▸ Material provided
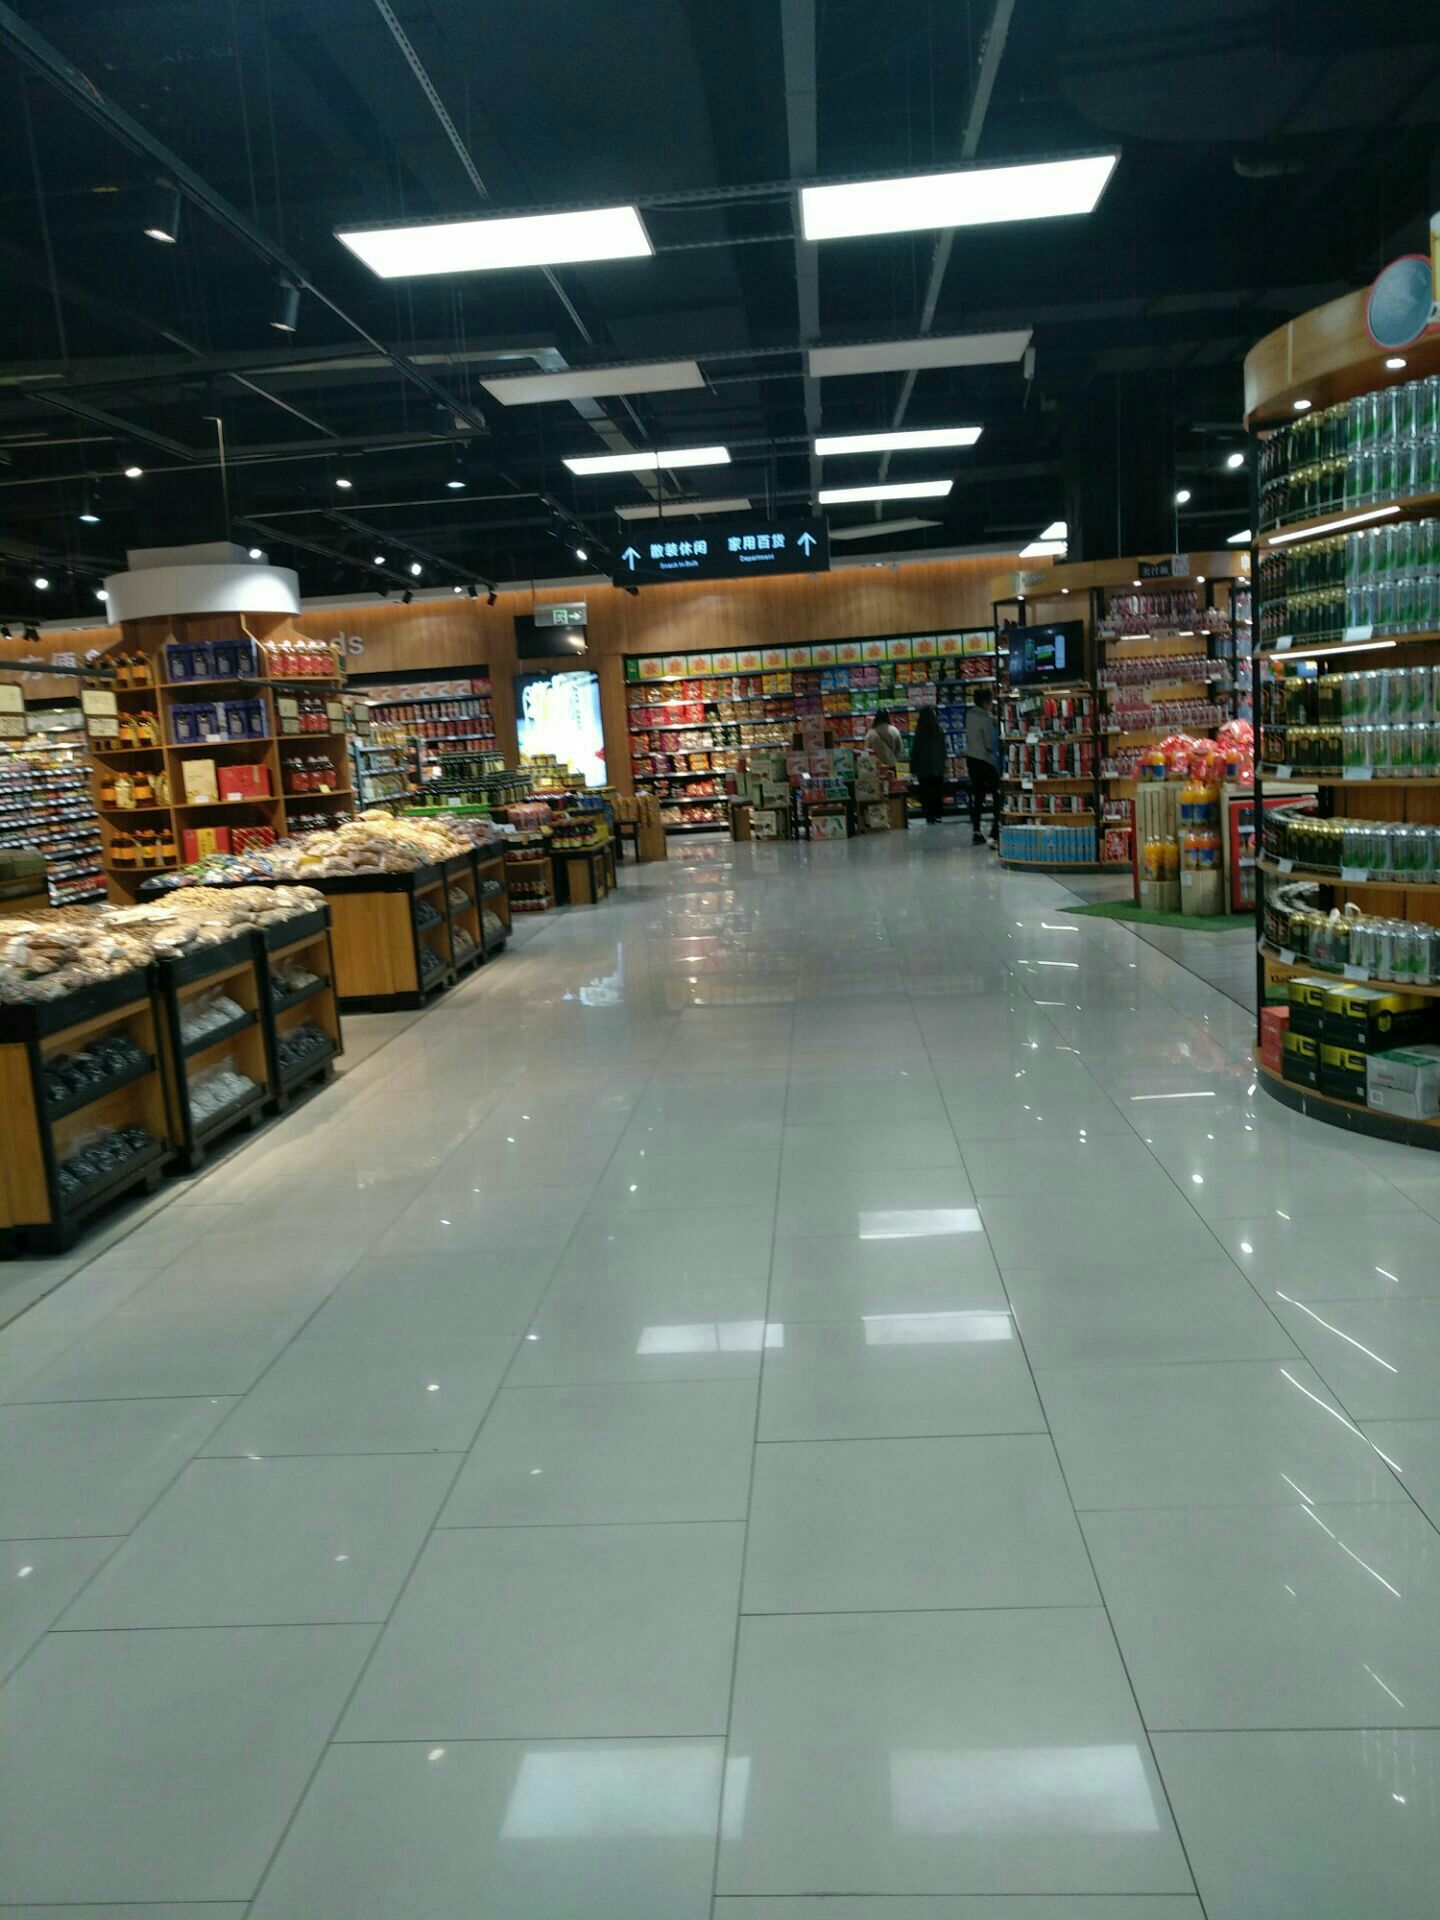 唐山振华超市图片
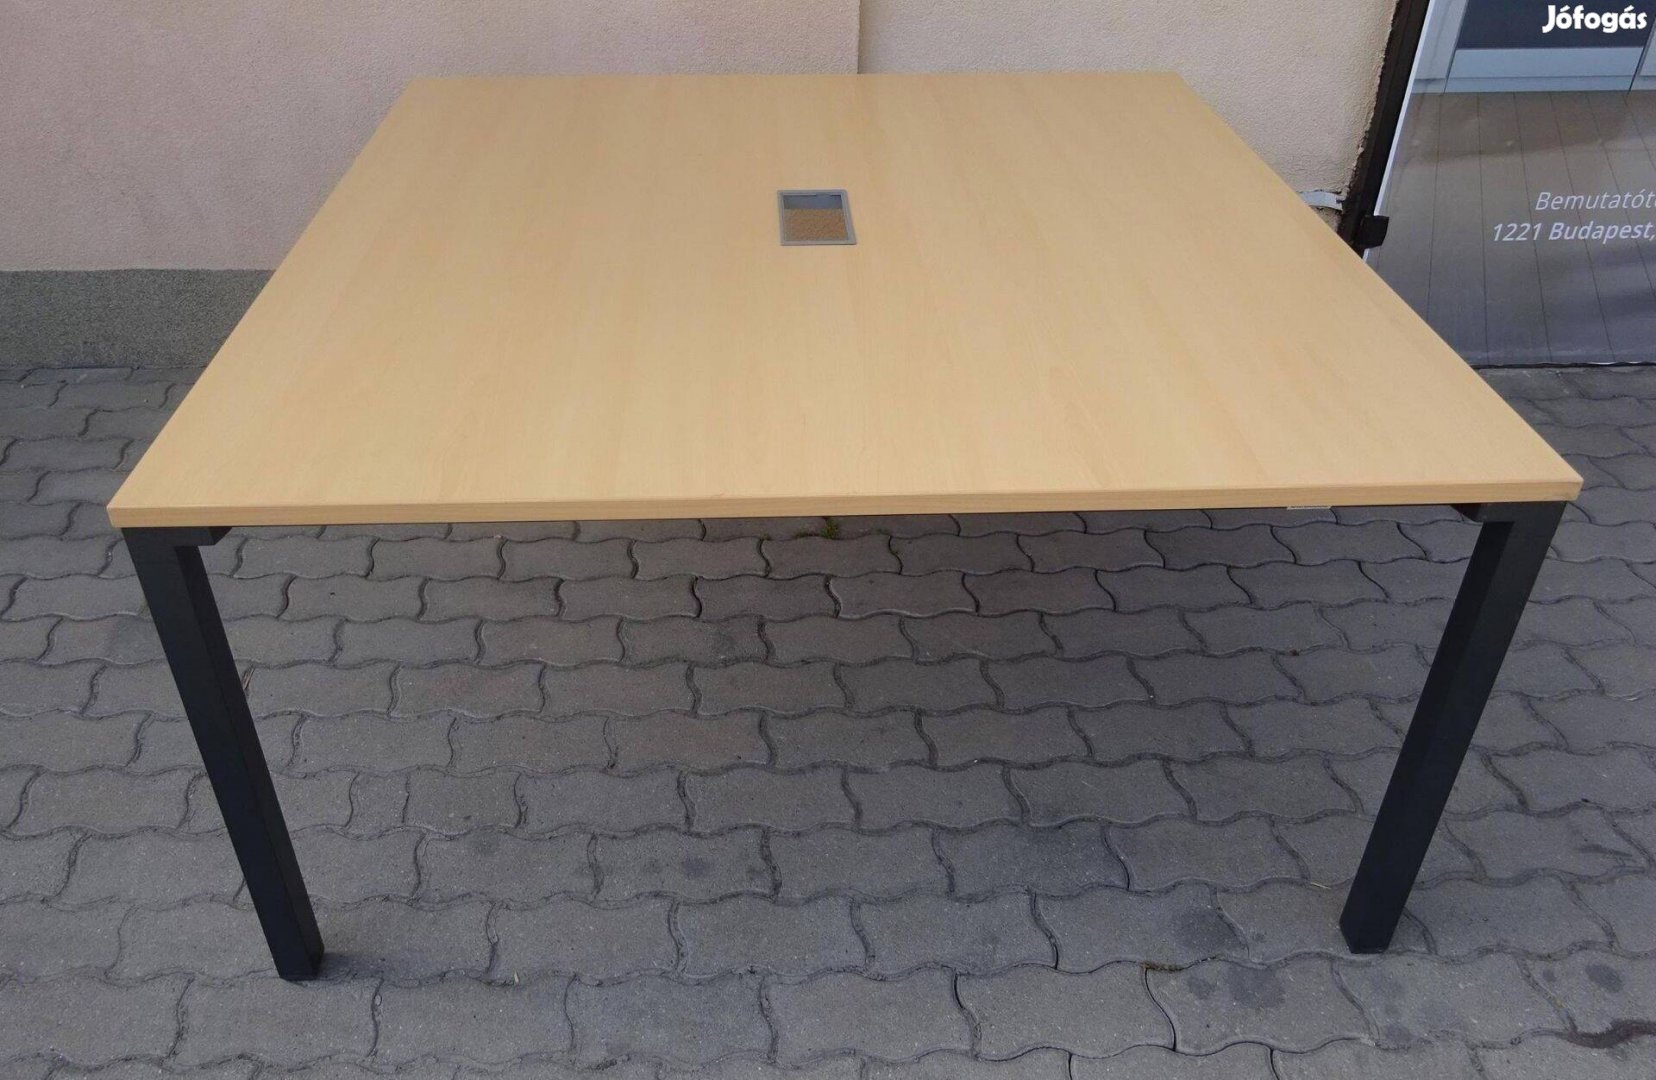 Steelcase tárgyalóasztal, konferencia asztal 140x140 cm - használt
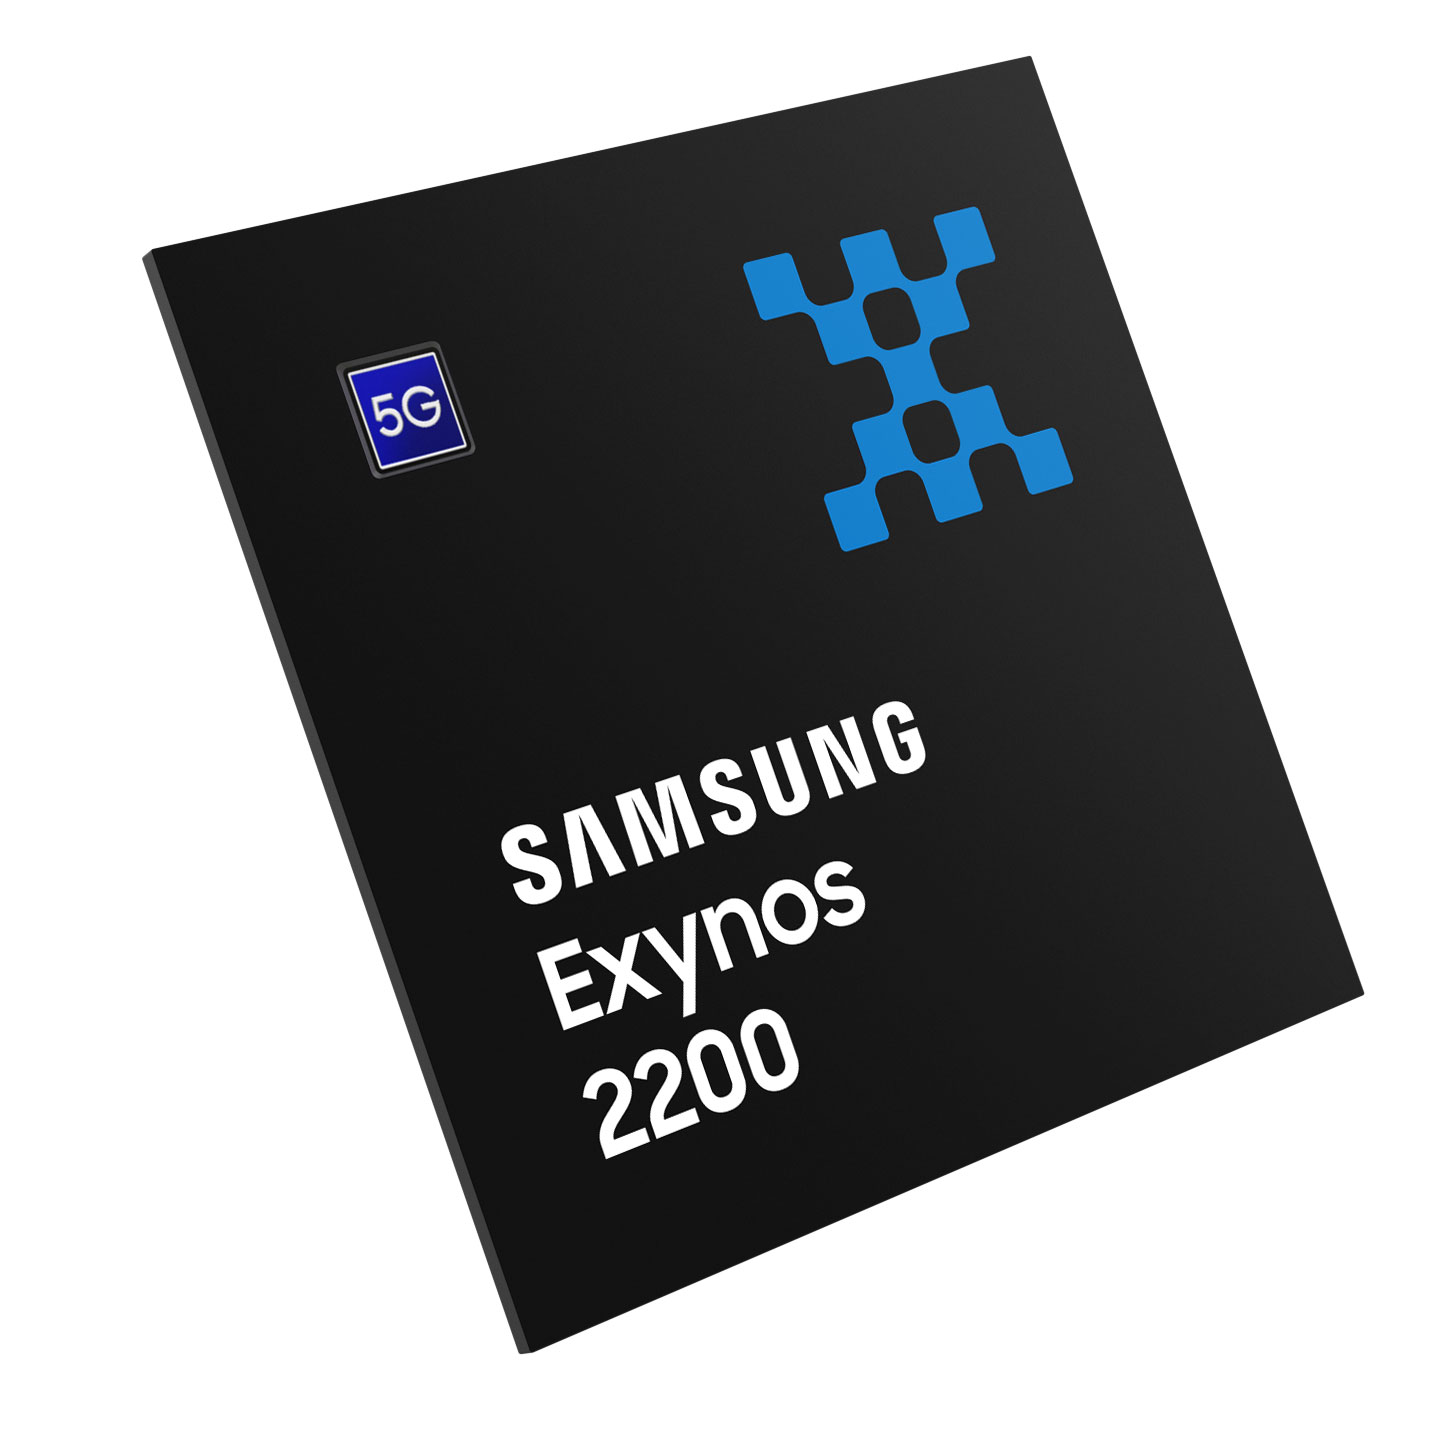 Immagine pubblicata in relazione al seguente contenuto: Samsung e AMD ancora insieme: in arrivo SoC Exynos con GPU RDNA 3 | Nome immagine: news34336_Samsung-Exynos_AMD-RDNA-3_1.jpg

▸ Problem statement
Give back exactly the lines from the one that contains "Steelcase tárgyalóasztal, konferencia" to the final line of the data above, both included, with all pictures removed.

▸ Solution to the problem
 Steelcase tárgyalóasztal, konferencia asztal 140x140 cm - használt
 Immagine pubblicata in relazione al seguente contenuto: Samsung e AMD ancora insieme: in arrivo SoC Exynos con GPU RDNA 3 | Nome immagine: news34336_Samsung-Exynos_AMD-RDNA-3_1.jpg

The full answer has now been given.